6. Kekosongan yang perlahan terisi

115 84 115
                                    

Jam menunjukan pukul 06.00. Tata bangun, kemudian siap-siap berangkat sekolah. Ia harus sukses untuk membuat nini bahagia. Dari arah jam tiga muncul angkutan umum mengangkut Tata. Ibu-ibu sehabis pulang dari pasar, pekerja pagi yang tidak bisa keluar dari zona nyaman, bocah-bocah dengan gosip mainan, sama sekali tidak menarik perhatian.

Tata turun dari angkot. Membayar, lalu mendapatkan kedipan dari sang supir yang membuat merinding. Tata bisa saja membantu nenek di kebun tanpa harus sekolah, tapi beliau bilang Tata harus menjadi sukses dan menjadi anak yang membanggakan. Dengan begitu, orang tua Tata akan bangga di atas sana. Melihat anaknya berkembang dengan sangat baik di tangan nininya.

"TA!" seseorang memanggilnya dari arah belakang. "Gak mau bareng sama orang ganteng?" Jejen perlahan menghampiri Tata. Tata tidak akan marah nininya mengajak siapa saja ke rumah asal tidak punya niat jahat. Tapi, kenapa harus Jejen? Jejen itu seperti dedemit yang ingin Tata musnahkan.

"Pilih urang atau Jonathan, Ta?"

"Mending nggak dua-duanya."

"Kalau kata orang, sih, urang lebih ganteng." Jonathan tiba-tiba datang dan menyerobot ditengah-tengah Tata dan Jejen. Mereka satu sekolah dan semakin dekat waktu nenek mengajak mereka berdua ke rumah.

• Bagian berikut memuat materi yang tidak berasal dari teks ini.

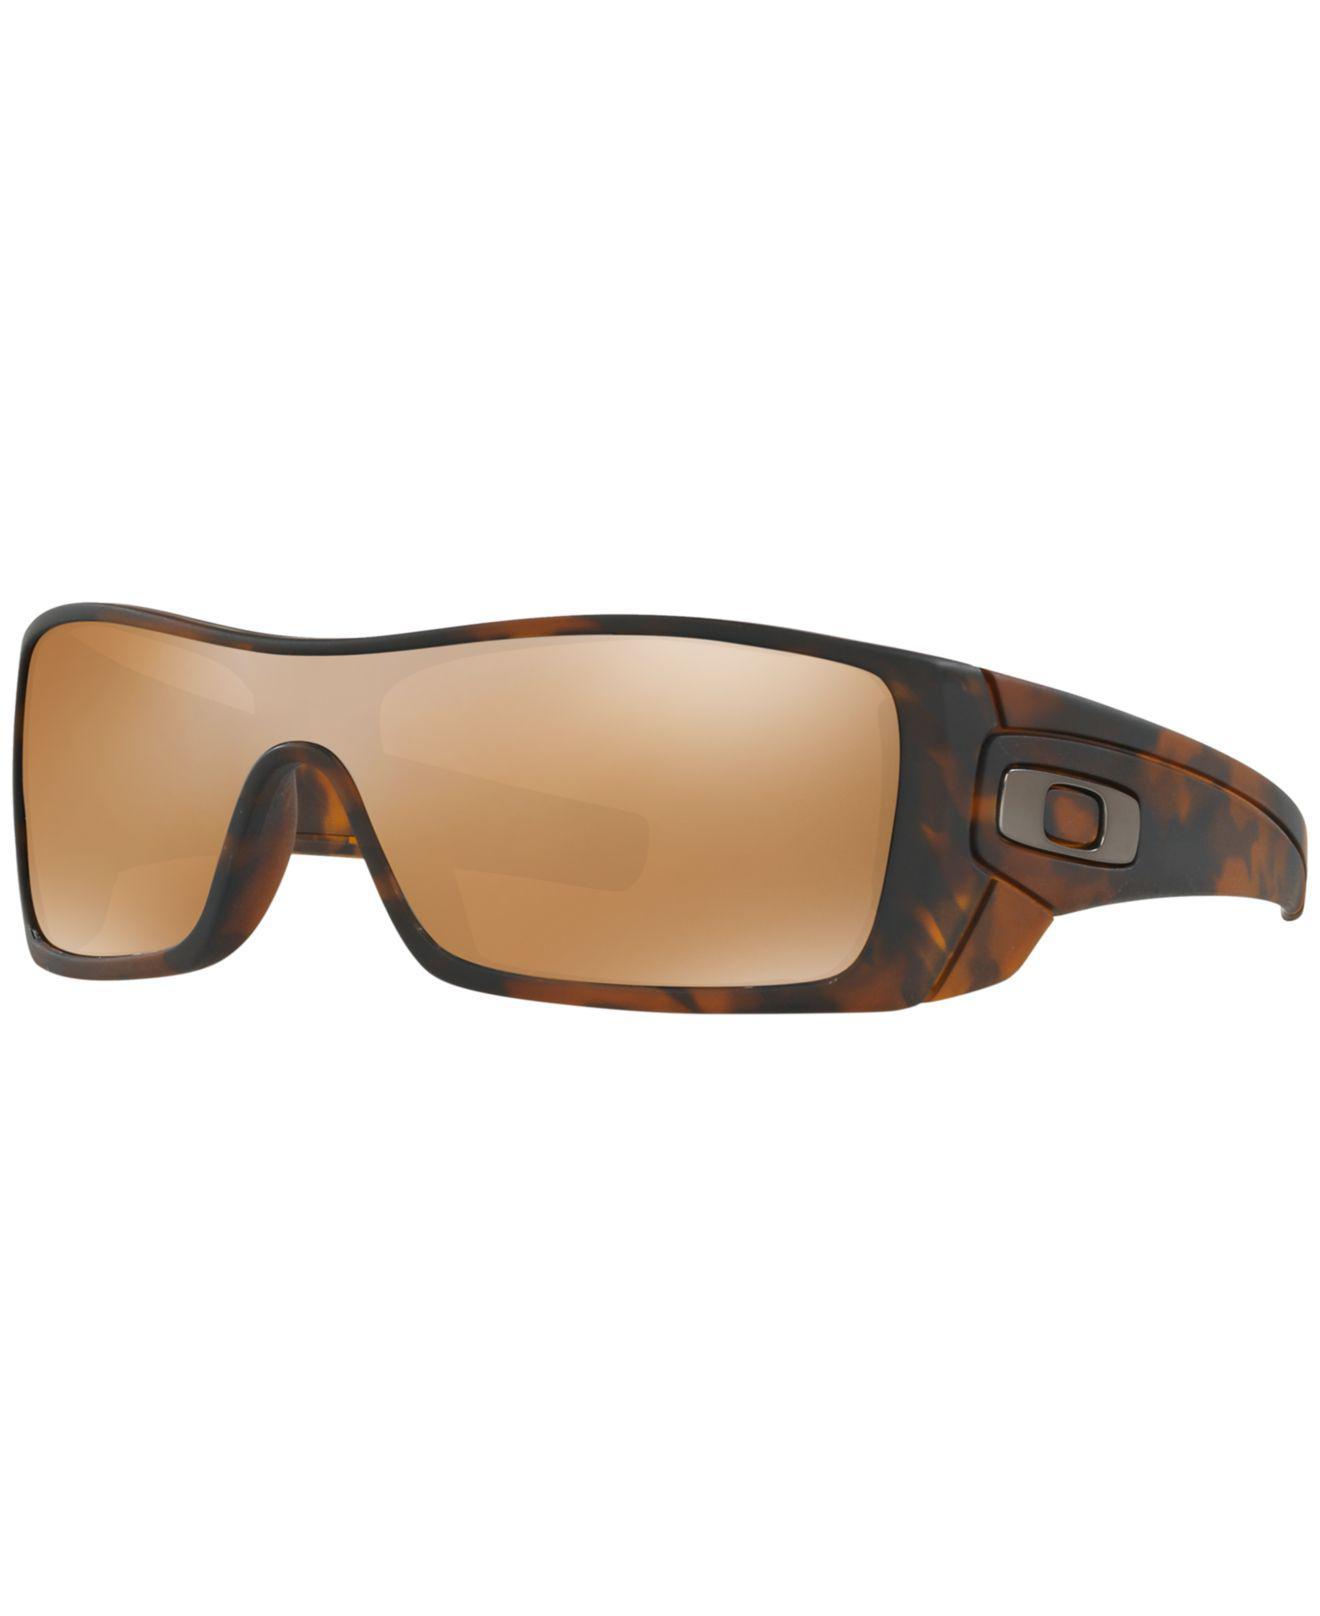 Lyst - Oakley Batwolf Sunglasses, Oo9101 in Brown for Men

"Jo, maneh jadi sok akrab, ya, semenjak nini ngajak ke rumah," ujar Tata. Jonathan biasanya hanya bersikap hangat pada teman-teman terdekatnya. Ia tidak mungkin bercanda pada orang yang belum di kenalnya. Beda dengan Jejen yang pada dasarnya mudah bergaul dengan siapa saja. Bercanda dengan siapa saja dan narsis dimana saja.

"Mungkin urang suka?"

"Suka urang?" Jejen menyela.

"Najis mugholodhoh."

"KALIAN YANG DISANA!" SAYA ITUNG SAMPE TIGA, KALAU BELUM SAMPE DI GERBANG, KALIAN SAYA ANGGAP TELAT!"

1!

"Tuh satpam rusuh banget, dah!"

Ketika Jejen sibuk berkata, Tata dan Jonathan sudah duluan lari ke arah gerbang. Jejen terpaku melihat kedua temannya berlari meninggalkan dia sendirian. Hitungan satpam terdengar dilanjutkan.

2!

3!

Pintu gerbang tertutup dengan sempurna. Jejen yang sudah berlari sekencang-kencang ternyata dijahili satpam sekolah. "Bercanda," ucap pak satpam dengan nada jahil. Gerbang kembali dibuka. "Jam masuk masih 10 menit lagi, Jen. Santai saja." Ini sebagai pembalasan. Jejen memang suka menjahili orang sekitar termasuk pak satpam. Sampai-sampai, namanya dikenali seluruh sekolah.

*****

Seorang gadis sudah memakai seragam sekolah lengkap dengan aktributnya. Rambut panjangnya dibiarkan terurai dengan pita biru di atas telinga. Wajahnya dirias tipis, bibirnya terlihat pink muda. Kaki yang menggunakan sepatu kets putih itu masuk ke sebuah mobil mewah yang akan mengantarkanya.

Naisha melihat jalanan lebih lancar dari biasanya. Bangunan besar, rumah-rumah warga dan para pengendara terlihat sekelebat dari jendela. Sampai sebuah pengendara motor Ducati hitam menarik perhatian karena terus berada di samping mobil yang dinaikinya.

Ternyata Dhio Kusuma.

"Udah sampai, Neng. Nanti saya jemput lagi pulang sekolah." Tanpa sadar, Naisha sudah sampai di sekolah ketika sang supir berbicara.

Naisha turun. Motor Dhio melewatinya. "Gak usah, Pak. Saya pulang bareng teman saya."

Naisha pergi ke parkiran. Melihat Dhio membuka helm full facenya, mengambil kunci, lalu turun dari motor. Bisa Naisha lihat Dhio menjadi tontonan para siswi. Dhio mengangkat tangan menyapa Naisha, gadis itu membalas dan menghampirinya. Semua siswi bubar apalagi setelah mengetahui rumor kedekatan keduanya.